- **WHAT YOU SHOULD DO**
Every line that holds the word "Automatic" needs to be copied from the data below.
───── DATA FOR THIS TASK ─────
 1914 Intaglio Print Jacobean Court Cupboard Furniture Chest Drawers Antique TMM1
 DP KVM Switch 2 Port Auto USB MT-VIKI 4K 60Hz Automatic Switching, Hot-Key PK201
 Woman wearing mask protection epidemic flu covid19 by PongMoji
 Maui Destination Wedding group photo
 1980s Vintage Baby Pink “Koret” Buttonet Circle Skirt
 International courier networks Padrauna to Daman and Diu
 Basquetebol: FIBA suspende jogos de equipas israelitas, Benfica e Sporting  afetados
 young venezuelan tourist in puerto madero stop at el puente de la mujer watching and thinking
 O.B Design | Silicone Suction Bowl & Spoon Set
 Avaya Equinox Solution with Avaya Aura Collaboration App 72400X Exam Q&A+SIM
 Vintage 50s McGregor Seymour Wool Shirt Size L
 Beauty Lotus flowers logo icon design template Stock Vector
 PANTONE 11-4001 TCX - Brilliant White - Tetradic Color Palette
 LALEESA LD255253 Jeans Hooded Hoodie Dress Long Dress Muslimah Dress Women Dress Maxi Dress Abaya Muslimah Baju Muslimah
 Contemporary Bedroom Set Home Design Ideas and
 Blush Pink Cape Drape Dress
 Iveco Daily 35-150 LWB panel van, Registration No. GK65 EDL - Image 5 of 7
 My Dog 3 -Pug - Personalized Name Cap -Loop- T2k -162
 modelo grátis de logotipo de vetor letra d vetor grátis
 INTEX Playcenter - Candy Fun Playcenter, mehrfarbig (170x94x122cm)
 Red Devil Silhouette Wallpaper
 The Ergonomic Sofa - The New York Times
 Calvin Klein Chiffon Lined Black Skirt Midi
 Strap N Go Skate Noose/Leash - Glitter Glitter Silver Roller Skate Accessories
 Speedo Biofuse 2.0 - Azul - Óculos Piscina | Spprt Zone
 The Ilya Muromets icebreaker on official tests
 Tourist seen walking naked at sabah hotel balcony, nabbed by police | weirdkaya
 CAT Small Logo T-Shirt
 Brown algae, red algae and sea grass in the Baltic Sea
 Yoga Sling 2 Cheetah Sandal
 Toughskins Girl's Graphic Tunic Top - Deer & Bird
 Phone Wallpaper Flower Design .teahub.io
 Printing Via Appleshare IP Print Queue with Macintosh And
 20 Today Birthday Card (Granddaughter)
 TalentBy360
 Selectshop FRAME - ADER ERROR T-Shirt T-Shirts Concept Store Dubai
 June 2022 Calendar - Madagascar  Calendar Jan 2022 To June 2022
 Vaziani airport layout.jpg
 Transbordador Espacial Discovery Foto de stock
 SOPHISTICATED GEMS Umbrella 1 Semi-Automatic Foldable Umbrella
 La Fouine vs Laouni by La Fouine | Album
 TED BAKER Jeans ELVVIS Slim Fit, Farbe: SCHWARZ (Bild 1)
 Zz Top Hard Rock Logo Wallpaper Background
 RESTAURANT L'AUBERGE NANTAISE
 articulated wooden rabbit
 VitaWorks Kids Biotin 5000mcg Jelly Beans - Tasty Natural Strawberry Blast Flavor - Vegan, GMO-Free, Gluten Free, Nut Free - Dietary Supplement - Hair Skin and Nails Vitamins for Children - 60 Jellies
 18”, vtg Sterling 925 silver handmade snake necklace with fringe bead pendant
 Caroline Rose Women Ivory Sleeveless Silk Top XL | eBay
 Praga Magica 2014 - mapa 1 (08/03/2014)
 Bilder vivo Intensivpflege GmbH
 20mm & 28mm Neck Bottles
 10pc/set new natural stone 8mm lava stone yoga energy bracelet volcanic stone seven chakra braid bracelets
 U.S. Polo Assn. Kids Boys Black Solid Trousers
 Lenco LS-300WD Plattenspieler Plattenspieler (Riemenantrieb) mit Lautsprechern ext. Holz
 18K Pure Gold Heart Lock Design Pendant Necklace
─────
- **SOLUTION TO THE EXERCISE**
 DP KVM Switch 2 Port Auto USB MT-VIKI 4K 60Hz Automatic Switching, Hot-Key PK201
 SOPHISTICATED GEMS Umbrella 1 Semi-Automatic Foldable Umbrella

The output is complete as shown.